Литмир - Электронная Библиотека

«Они придут. Заберут тебя и Альфонсо».

Хотя вся моя душа желала обратного, я понимала – это может оказаться правдой.

Следовало подготовиться.

Глава 3

Последующие дни прошли без происшествий, не оправдав моего беспокойства. Письмо короля я спрятала в сундуке у себя в комнате. Естественно, Беатрис постоянно о нем расспрашивала, и в конце концов я не выдержала и дала ей прочитать. Она удивленно посмотрела на меня и, вероятно, впервые в жизни лишилась дара речи. Интересоваться ее мнением я не стала, ибо мысли мои были заняты предчувствием необратимых перемен.

Все свободное время я посвящала матери. Припадков и вспышек ярости больше не случалось. Несмотря на худобу, бледность и отсутствие аппетита, она радовалась, как ребенок, каждый раз, когда мы с Альфонсо навещали ее.

Я была весьма тронута, узнав, что мой брат сделал над собой усилие и выучил для матери португальскую песню, которую с удовольствием исполнил, несмотря на свой не слишком мелодичный голос. Брат не обладал особыми музыкальными талантами, но, когда он пел на родном языке матери, я заметила, как смягчились ее черты и к ней вернулась увядшая красота. Одетая в старомодное придворное платье, она постукивала в такт мелодии пальцами в потускневших перстнях. Ноги ее двигались под подолом платья, словно в замысловатом танце, в котором мама когда-то достигла совершенства, виртуозно танцуя под раскрашенными карнизами больших залов, где она была самой могущественной и популярной женщиной.

Когда Альфонсо закончил, высоко подняв голову и широко разведя руки, королева неистово зааплодировала, словно желая наполнить комнату собственной радостью, а затем махнула рукой мне:

– Танцуй, Изабелла!
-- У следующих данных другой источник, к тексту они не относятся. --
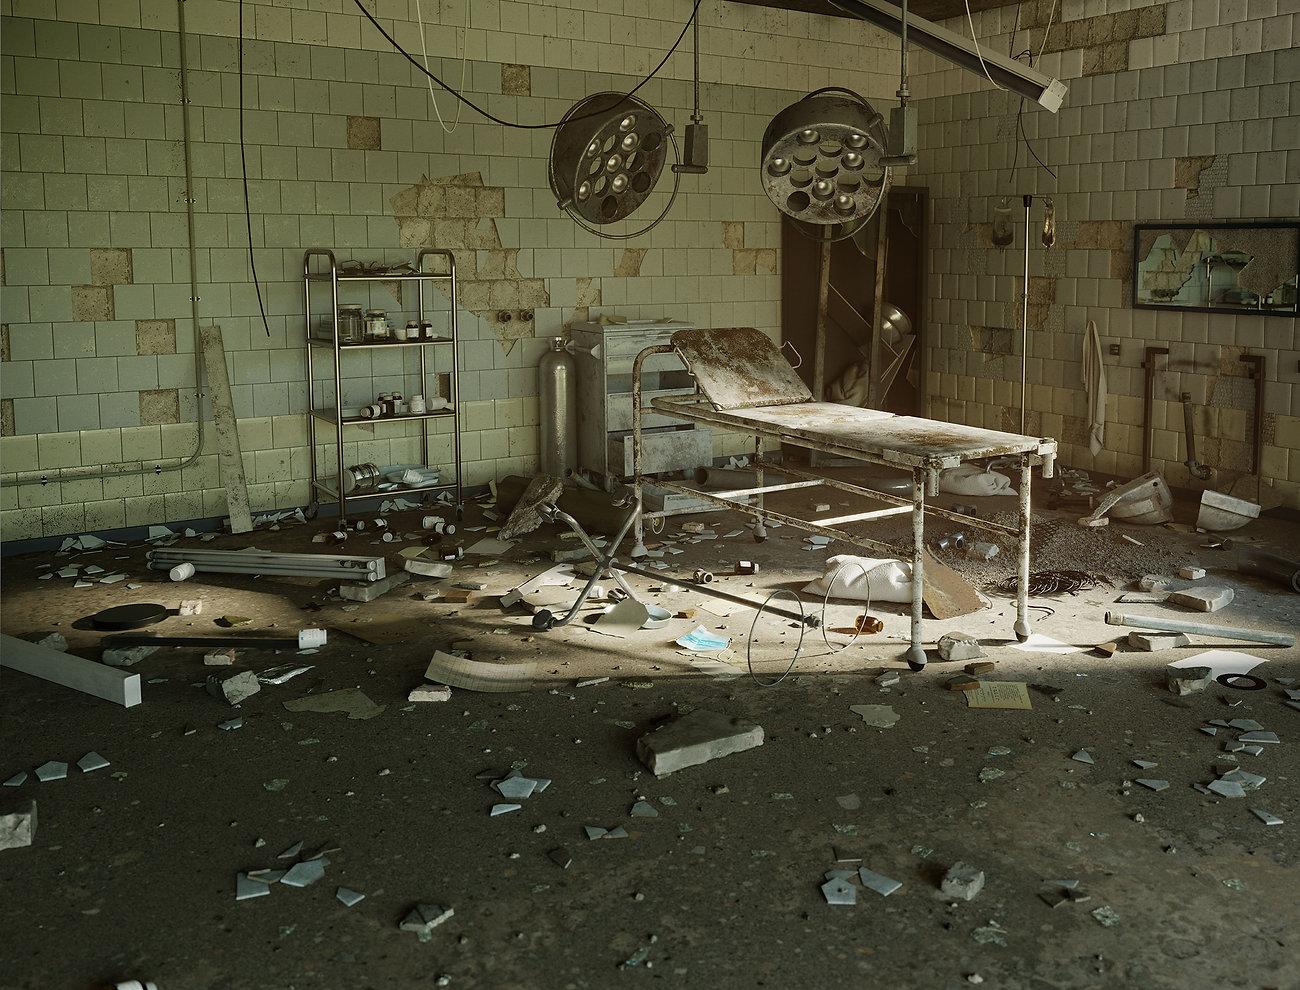 Transplant_Bombed.jpg

Танцуй с братом!

Беатрис заиграла на маленьком струнном cavaquinho[9], и мы с Альфонсо взялись за руки и закружились в танце. Брат постоянно наступал мне на ноги и застенчиво улыбался, лицо его раскраснелось от напряжения, но все же он не останавливался.

– Драться на cañas[10] куда проще, – шепнул он мне, и я улыбнулась, почувствовав его уязвленную мужскую гордость.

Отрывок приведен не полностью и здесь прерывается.